The Frailty, Falls and Functional Loss Education programme is an online course intended to improve knowledge about the aging process, falls and functional decline, to promote independent living, and to provide strategies to promote active ageing and maintain independent living.62

In relation to medication, an Italian research group has developed a computerised prescription support system to manage polypharmacy and adverse drug reactions.63

Multi-factorial intervention programmes that include physical activity, nutrition and medication are effective, as demonstrated by one randomised, controlled trial. For this reason, the Personalised ICT Supported Service for Independent Living and Active Ageing project was developed. This project involves health promotion and education interventions to improve self-management programmes for physical activity, cognition and nutrition.64,65


Further studies need to investigate the implementation of frailty models within a limited geographical area of a health service organisation context (i.e. health house, health district) in order to evaluate the organisation of a service network based on the frailty approach as a comprehensive method of addressing chronic diseases and health and social needs and preventing health inequalities.
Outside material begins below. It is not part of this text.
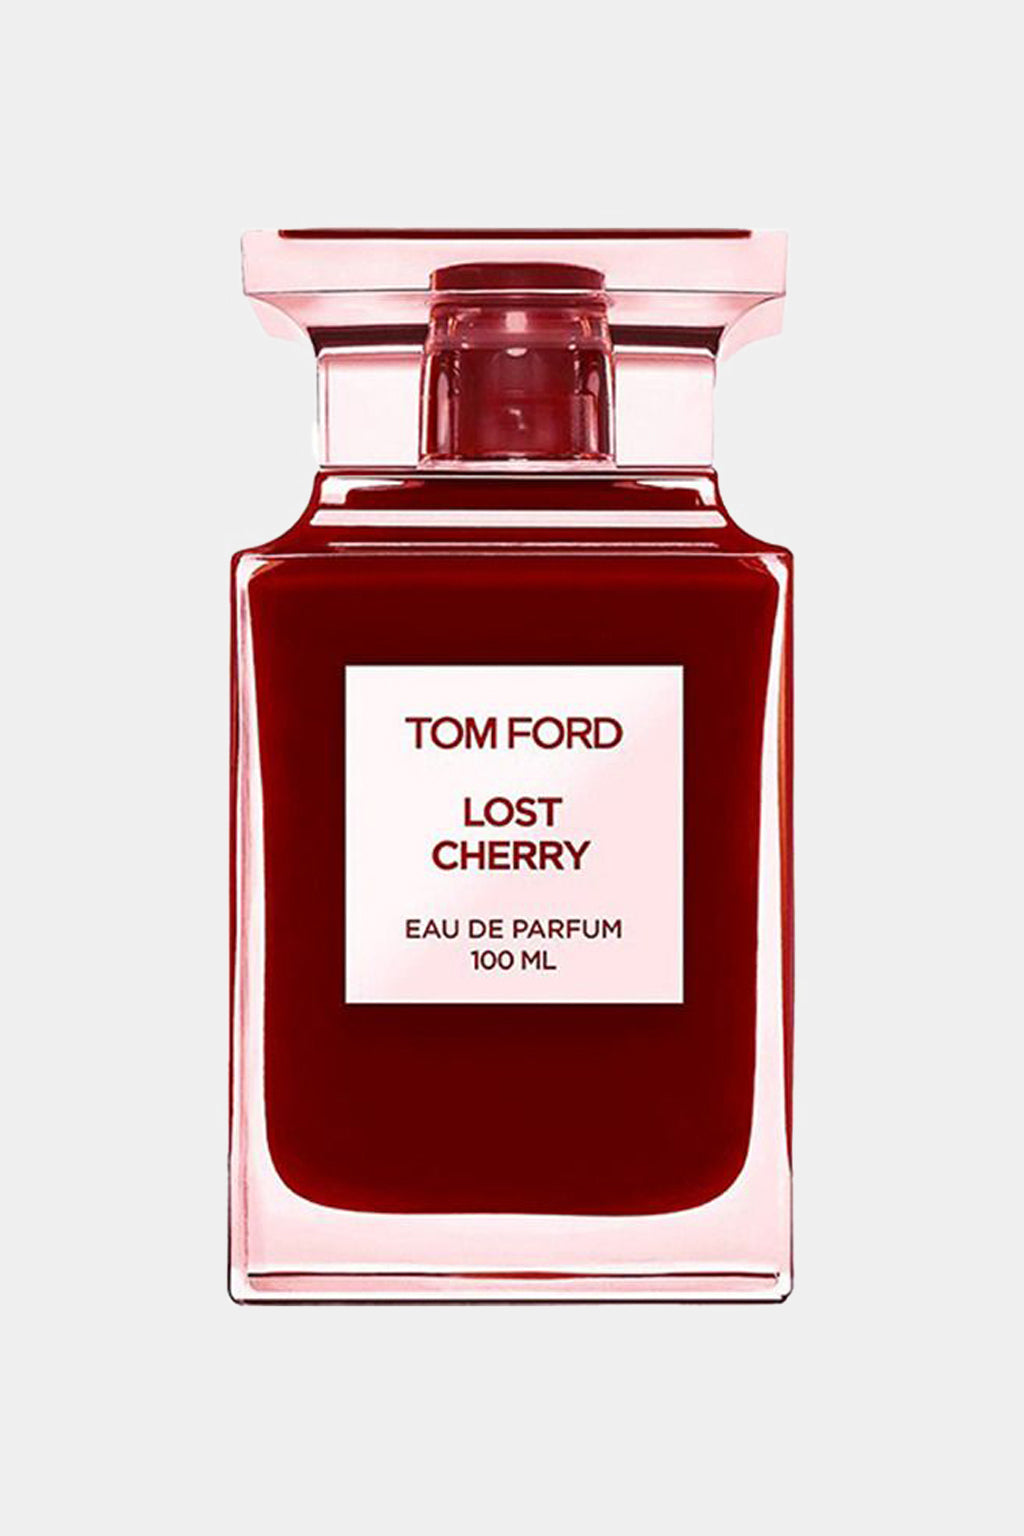 Tom Ford - Lost Cherry Eau de Parfum
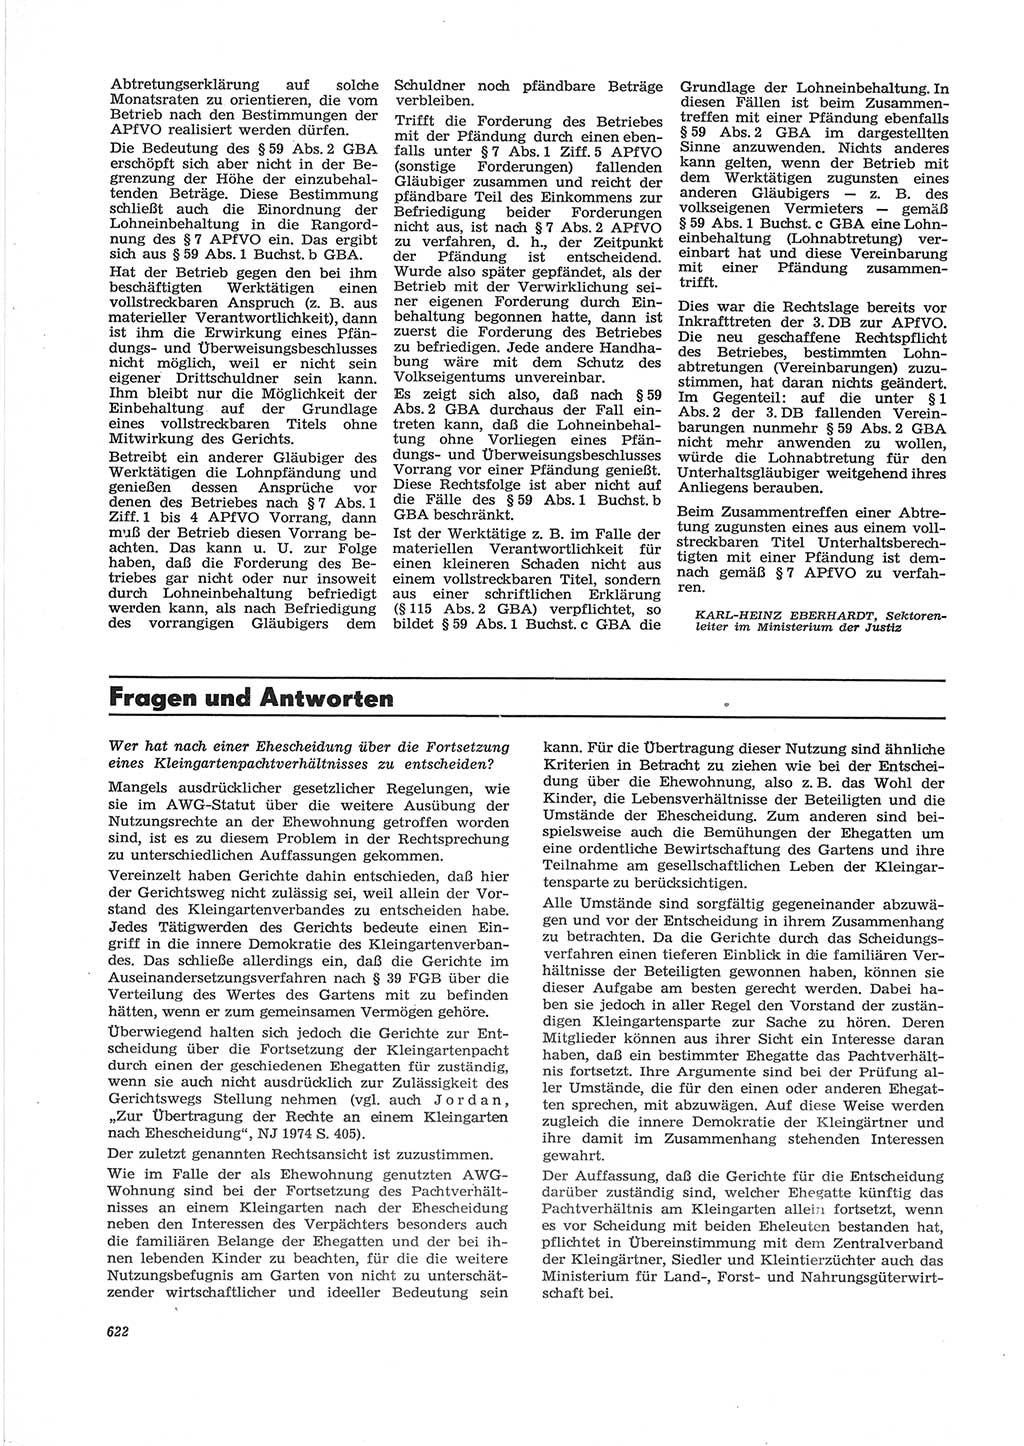 Neue Justiz (NJ), Zeitschrift für Recht und Rechtswissenschaft [Deutsche Demokratische Republik (DDR)], 28. Jahrgang 1974, Seite 622 (NJ DDR 1974, S. 622)

This frailty-based approach to ageing and non-communicable diseases could represent the criterion for access to social and health services, within a model that combines primary, secondary and tertiary prevention. Its implementation is favourably influenced by a proactive contact modality that reverses the current paradigm in which services respond to welfare requests without having a clear overall welfare demand in relation to the reference population.